震災から1年以上経過した気仙沼大島で変わったこと、変わらないこと。

19 Jun
2012

「おかえり。」
「ただいま。」

寂しい独身生活ではそんな会話ができること自体、とても稀で、だからこそ大島に帰ると自然と口をつくこの言葉のなんと幸せなことか。

再会

6月16日・17日と大島へ行ってきました。
現地での支援活動を終えて東京に戻ってからから実に8ヶ月ぶりの訪問。そんなに月日が経ってたなんて信じられないほどあっという間の時間で、それでも大島での濃密な日常を過ごしたからこそ、足を運べばすぐにあの頃の日々に戻れる。当たり前のように、昨日も会ってたかのように普通に接してくれるありがたみをたくさん実感してきました。

今回の最大の目的は、写真洗浄でお預かりした写真をお返しすることでした。その辺りの詳細や活動についてはフォとボラのブログで公開してます。

写真を依頼主にお返ししてきました。|フォとボラ

変わったこと

ビジュアル面で言えば、浦の浜の瓦礫の山がなくなっていたり、道路が復旧していたり、多くの建物が取り壊されていたり、お店が建っていたり、細かいことまで挙げるとかなり多くの変化がありました。印象としては、随分スッキリしちゃったなと。

ボランティアの受け入れ窓口がなくなった
災害対策本部やおばか隊の実質的な解散を受け、島外からのボランティアを受け入れる環境が大きく変わりました。
継続的に支援を続けている団体や個人以外、また突発的なイベントなどで募るボランティア以外には平時窓口が存在しないので活動の敷居がぐっと上がってしまった。個人的な繋がりを持たない人間が島にボランティアとして入ることが困難になっているのです。
人が来ることが何よりの復興への助けとなるのは当然の話で、観光産業が未だ正常に機能しない中、ボランティアの流入が減るというのは島の復興への大きなブレーキとなってしまう。

また、一部報道で諸問題が取り沙汰され全国にも広まった島内のごたごた。もちろんしっかりと追求されるべき問題ではあるし、島民の不満が蓄積された結果ではあるけれど、ここまで亀裂が生じてしまうと外から見てても非常にいたたまれない。
そもそも、大島にボランティアセンターは存在しなかった。
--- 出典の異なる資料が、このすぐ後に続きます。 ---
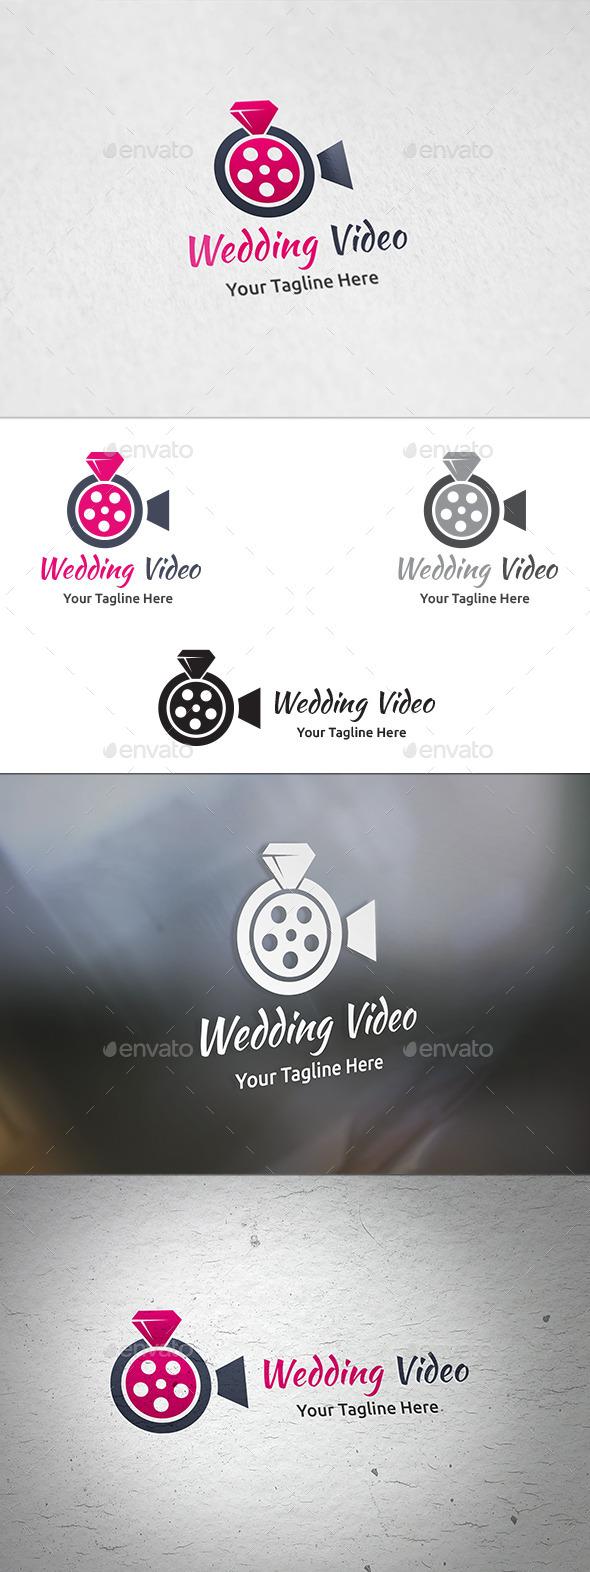 Wedding Video - Logo Template

ボランティアセンターとして活動していたのは私含め数人(交代制で常任1人)のコーディネーターだけだ。
民間の災害対策本部は実質上のボランティアセンターとして機能していたに過ぎず、本来社協が取りまとめるべきところを民間がやり、市役所の影響も弱かった。復旧当初は強いリーダーシップで行政に頼らず行動し、被災地の成功例となっていただけに、本当に残念なことです。個人的には、糾弾されている人たちが本当に頑張っていたところも見ているのでこの問題に関しては誰が悪いとかっていう話はしたくない。
根本的な解決はきっともう難しいのだろうけど、早く事態が収束することを願ってます。

それより何より、ボランティアに対しての旗振り役がいないのはキツい。どうすんの大島。
冷静に考えてボランティアの受け入れ窓口は不可欠なんだけど、新たに立ち上げるなら内部構成を刷新する必要がある。当時災害対策本部に関わっていた外部団体がそれをやったとしても島民が納得するのかどうか。じゃあそれ以外で、島の内情をある程度理解していて各所に顔が知れている人間って考えるとよくよく自分が適任なんじゃないかと思えてきて、色んな人に、伊藤くんがやってよって言われたのがチクチク心を刺激してくる。うーん。考えときます。

変わらないこと

言わずもがな人の温かさ。写真をお返しに行ったその場で気が付いたらお酒が出てきて、気が付いら夕飯が出てきて、気が付いたら一日中飲み明かして話が尽きなくて。
朝市に行けば大量のお土産をもらい、偶然再会できた人にはその場でお酒を買っていただき、島外でもお昼を一緒にとればご馳走になり、またお土産まで持たされ。もう何が何やら。

いつでも帰れる場所。「おかえり。」と迎えてくれる人。だから大好きなのもずっと変わらない。